Who Ordered Memory Fences on an x86?

Wed Nov 5 22:00:31 PST 2008

Nick Sabalausky wrote:
> Call me a grumpy old fart, but I'd be happy just tossing fences in 
> everywhere (when a multicore is detected) and be done with the whole mess, 
> just because trying to wring every little bit of speed from, say, a 3+ GHz 
> multicore processor strikes me as a highly unworthy pursuit. I'd rather 
> optimize for the lower end and let the fancy overpriced crap handle it 
> however it will.
> 
> And that's even before tossing in the consideration that (to my dismay) most 
> code these days is written in languages/platforms (ex, "Ajaxy" web-apps) 
> that throw any notion of performance straight into the trash anyway (what's 
> 100 extra cycles here and there, when the browser/interpreter/OS/whatever 
> makes something as simple as navigation and text entry less responsive than 
> it was on a 1MHz 6502?).

Bartosz, Andrei, Sean and I have discussed this at length. My personal 
view is that nobody actually understands the proper use of fences (the 
CPU documentation on exactly what they do is frustratingly obtuse, which 
does not help at all). Then there's the issue of fences behaving very 
differently on different CPUs. If you use explicit fences, you have no 
hope of portability.

To address this, the idea we've been tossing about is to allow the only 
operations on shared variables to be read and write, implemented as 
compiler intrinsics:

shared int x;
...
int y = shared_read(x);
shared_write(x, y + 1);

which implements: int y = x++;

(Forget the names of the intrinsics for the moment.)

Yes, it's painfully explicit. But it's easy to visually verify 
correctness, and one can grep for them for code review purposes.

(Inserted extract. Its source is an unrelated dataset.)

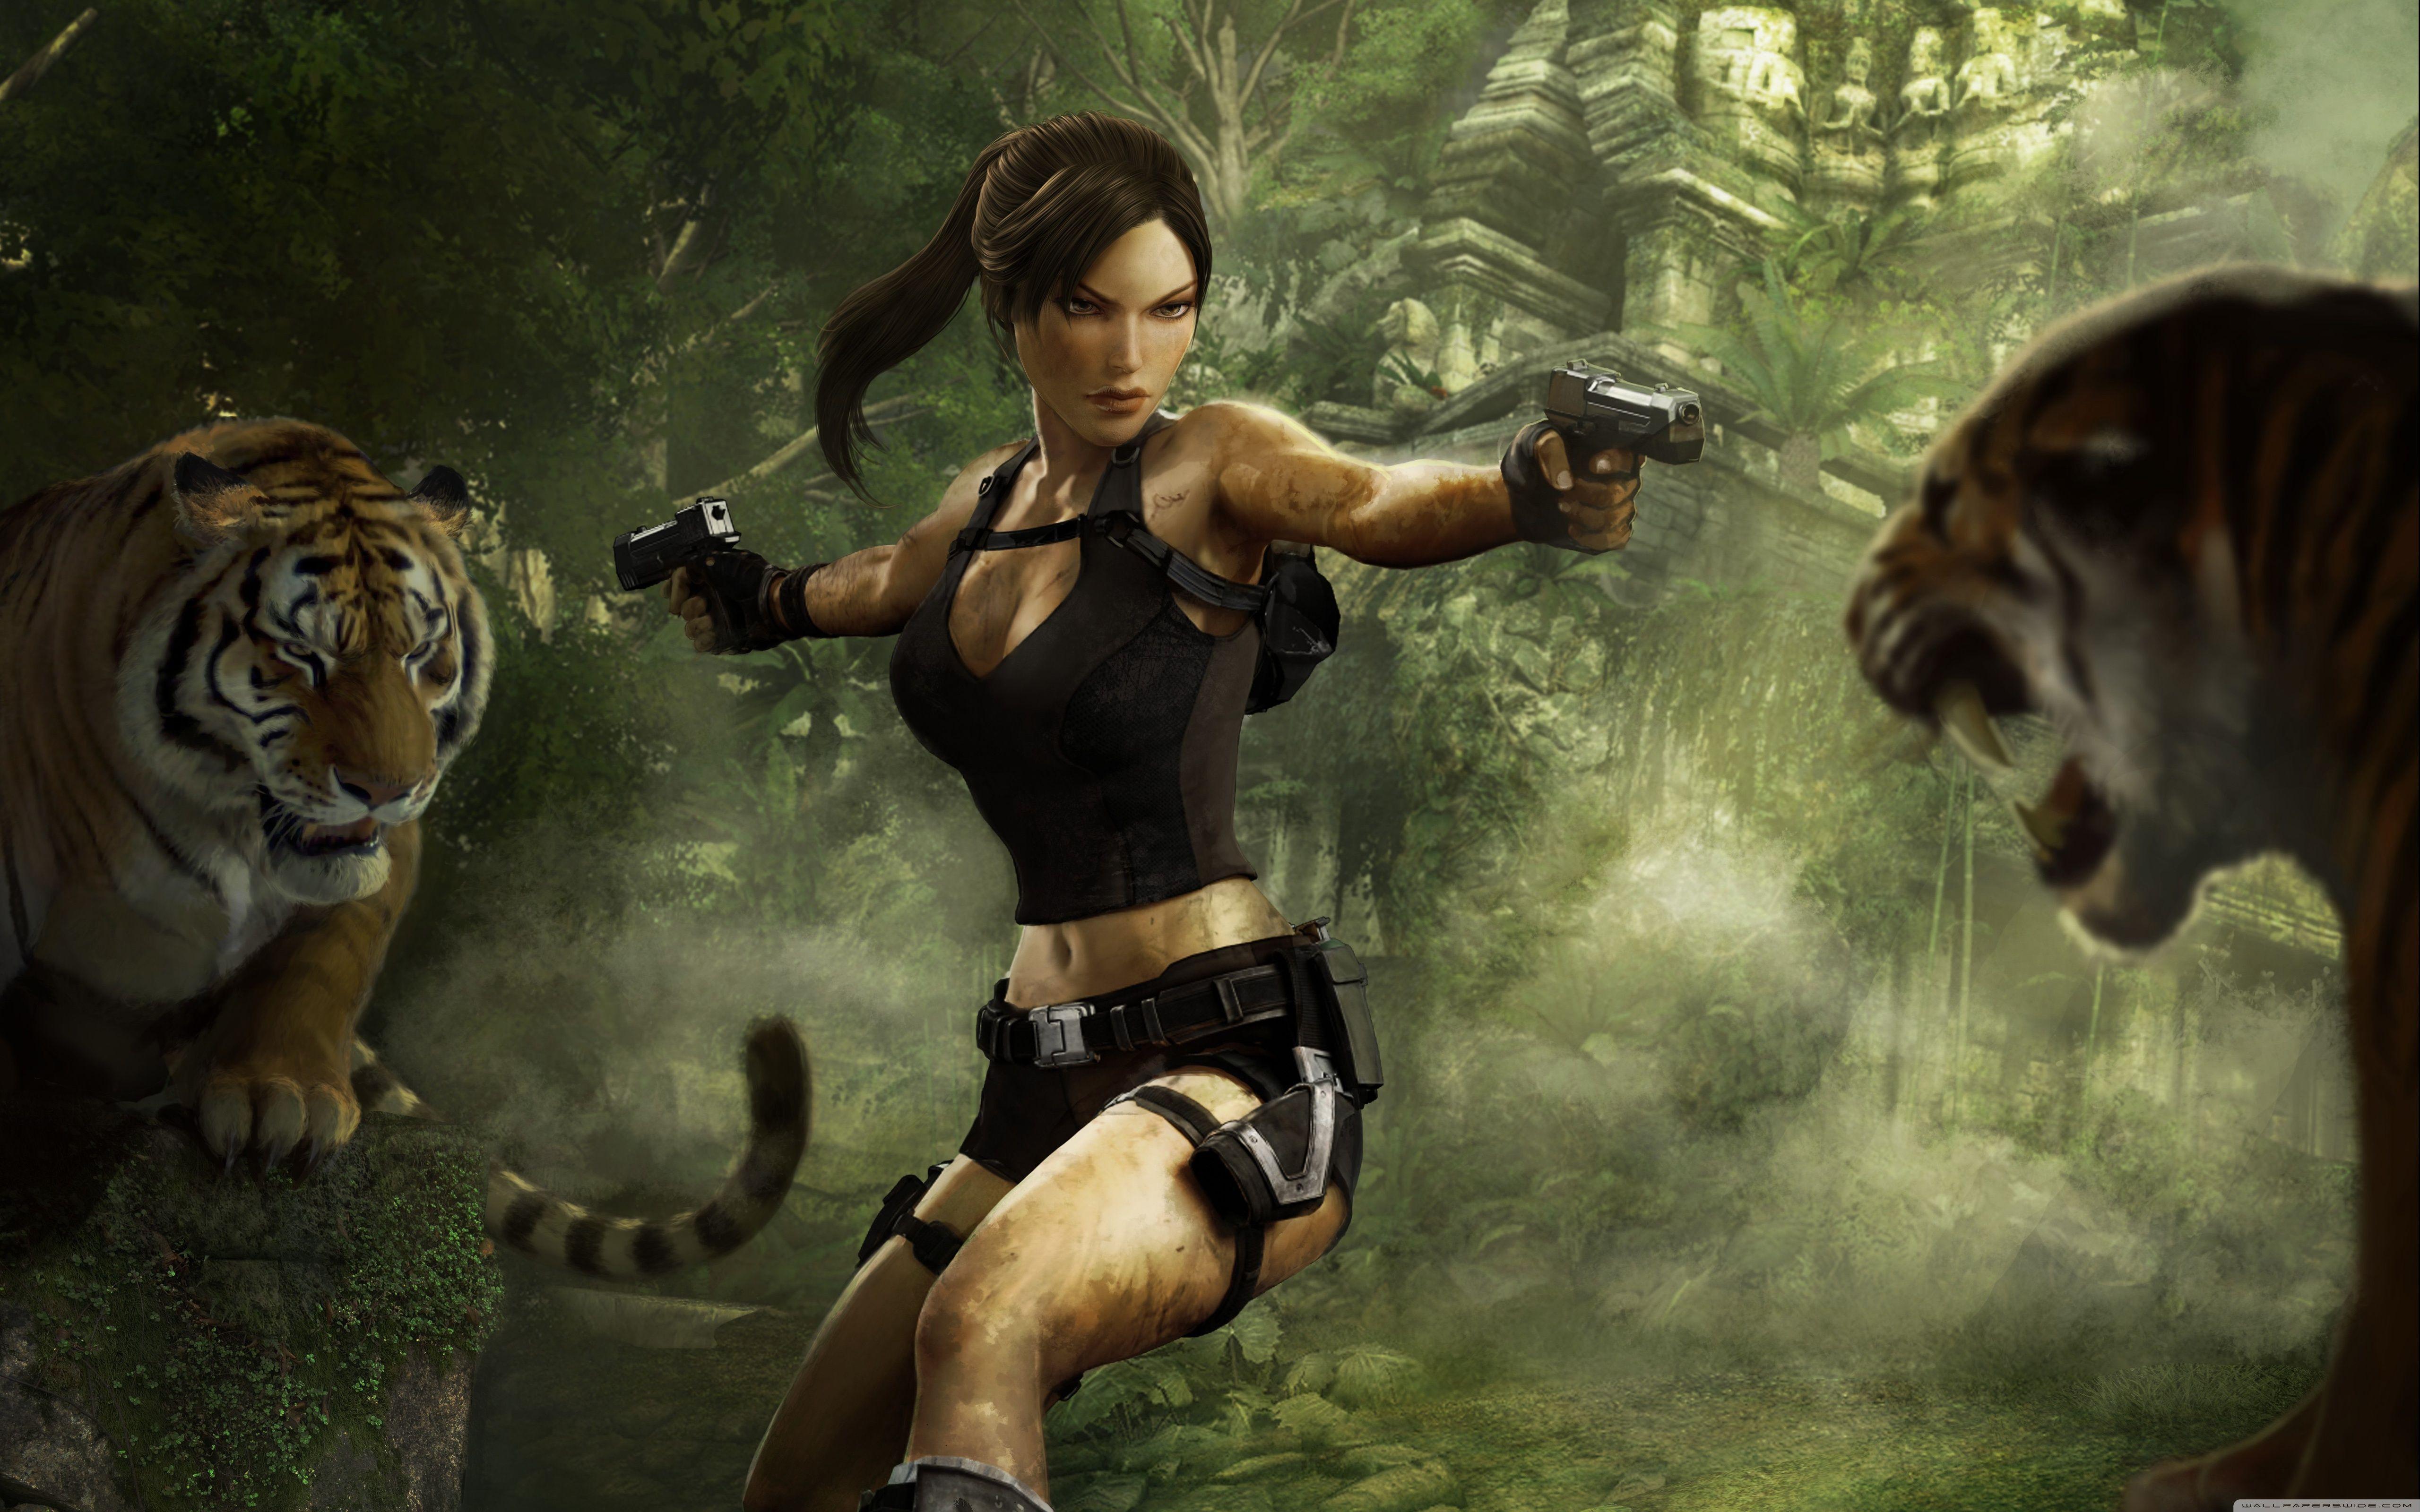 Tomb Raider Underworld Wallpapers Top Free Tomb Raider

Each 
shared_read and shared_write are guaranteed to be sequentially 
consistent, within a thread as well as among multiple threads.

How they are implemented is up to the compiler. The compiler can do the 
naive approach and lard them up with airtight fences, or a more advanced 
compiler can do data flow analysis and compute a reasonable minimum 
number of fences required.

The point here is that only *one* person needs to know how the fences 
actually work on the target CPU, the person who writes the compiler back 
end. And even that person only needs to solve the problem once. I think 
that's a far more tractable problem than trying to educate every 
programmer out there on the subtleties of fences for every CPU variant.

Yes, this screws down very tightly what can be done with shared 
variables. Once we get this done, and get it right, we'll be able to see 
much more clearly where the right places are to loosen those screws.